Выбрать главу

Ремизова так построила этот отрывок: открывается занавес, за роялем сидит убитый горем Николай Иванович, на рояле огромная лампа, полумрак. Я стою, облокотясь на рояль, заломив руки. Напряжённая тишина... Николай Иванович: «Вчера ночью твоя сестра мне изменила». И начинает играть очень громкий бравурный марш. Потом выходит Катя и так далее.

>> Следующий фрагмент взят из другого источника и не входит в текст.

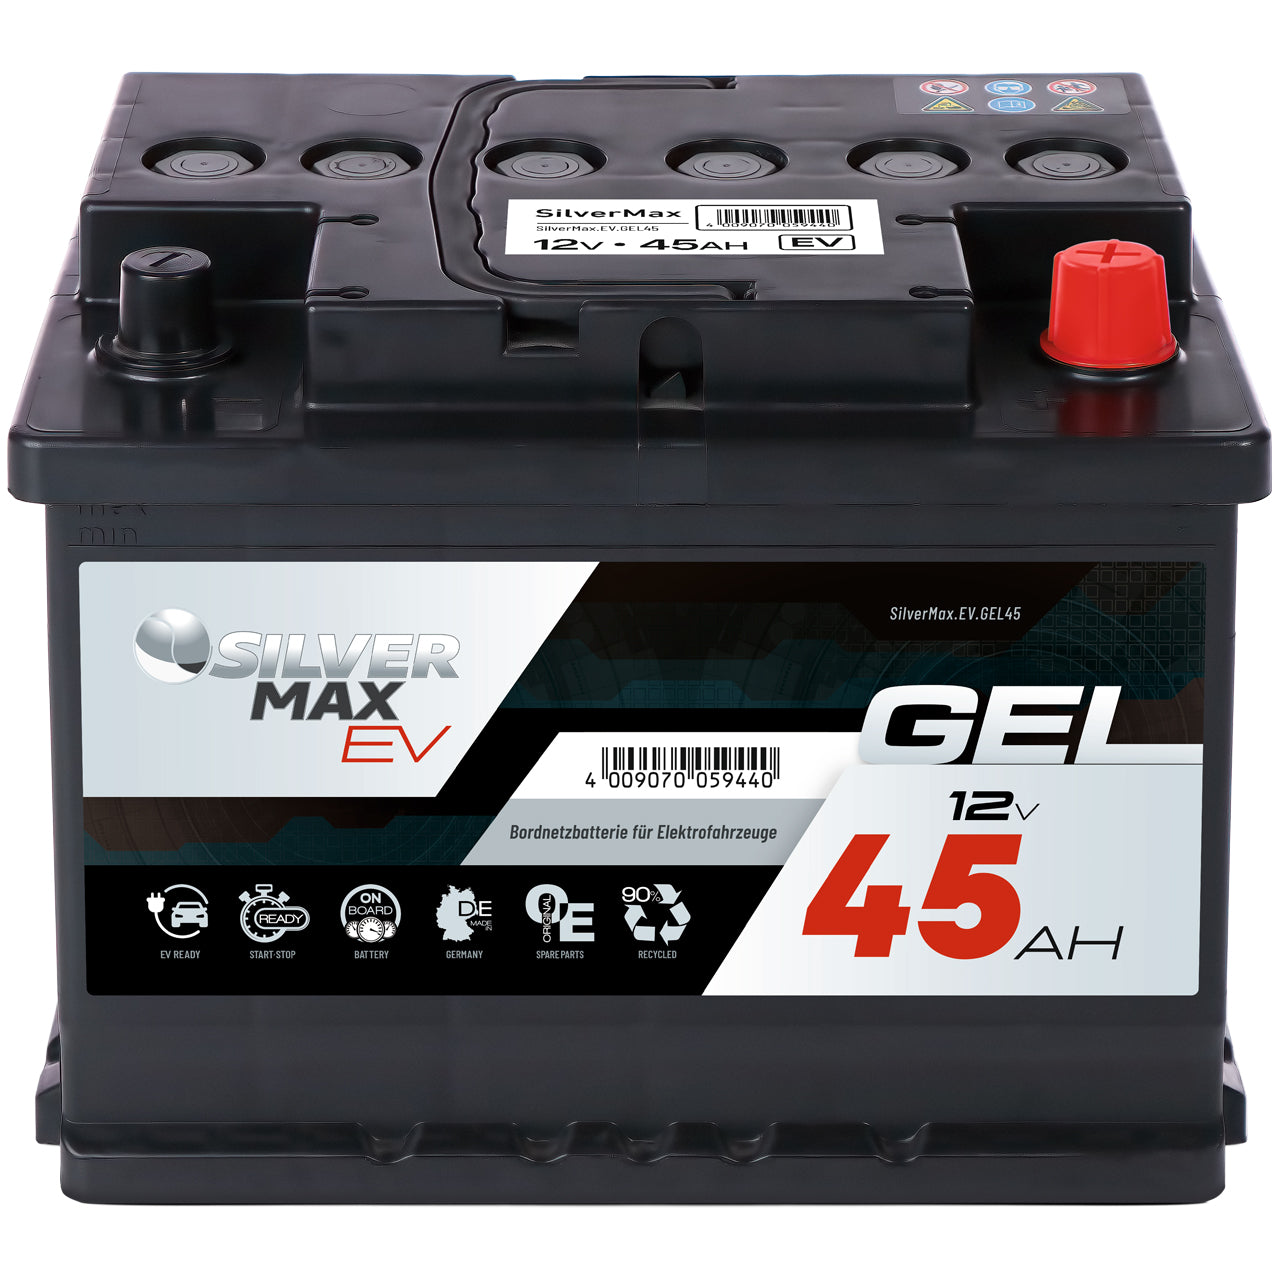 http://www.batterie-industrie-germany.de/cdn/shop/files/Bordnetzbatterie-E-Auto-Elektroauto-SilverMax.EV.GEL45-12V-45Ah-Front.jpg?v=1700744561

Так вот: появляется Рубен Николаевич, как всегда нарядный, благоухающий, в неизменной накрахмаленной рубашке с бабочкой (всегда, при всех обстоятельствах, даже в сорокаградусный мороз в эвакуации в Омске), приветливо улыбается и обращается к ассистентам: «Ну-с, что покажетес». Все затрепетали. Ремизова нам: «Начнём». Мы идём на сцену, Осенев садится за рояль. Я принимаю свою великолепную позу, нервно заламывая руки (по-моему, жутко красиво). Лампа горит, цветы на рояле блестят от света лампы. Николай Иванович говорит свою сакраментальную фразу, что ему изменила жена. Я нервно вздрагиваю, он начинает в бешеном ритме играть свой бравурный пассаж... и вдруг из темноты зала — громкий голос Рубена Николаевича: «Довольно! С завтрашнего дня начинаем работать водевиль «Спичка между двух огней».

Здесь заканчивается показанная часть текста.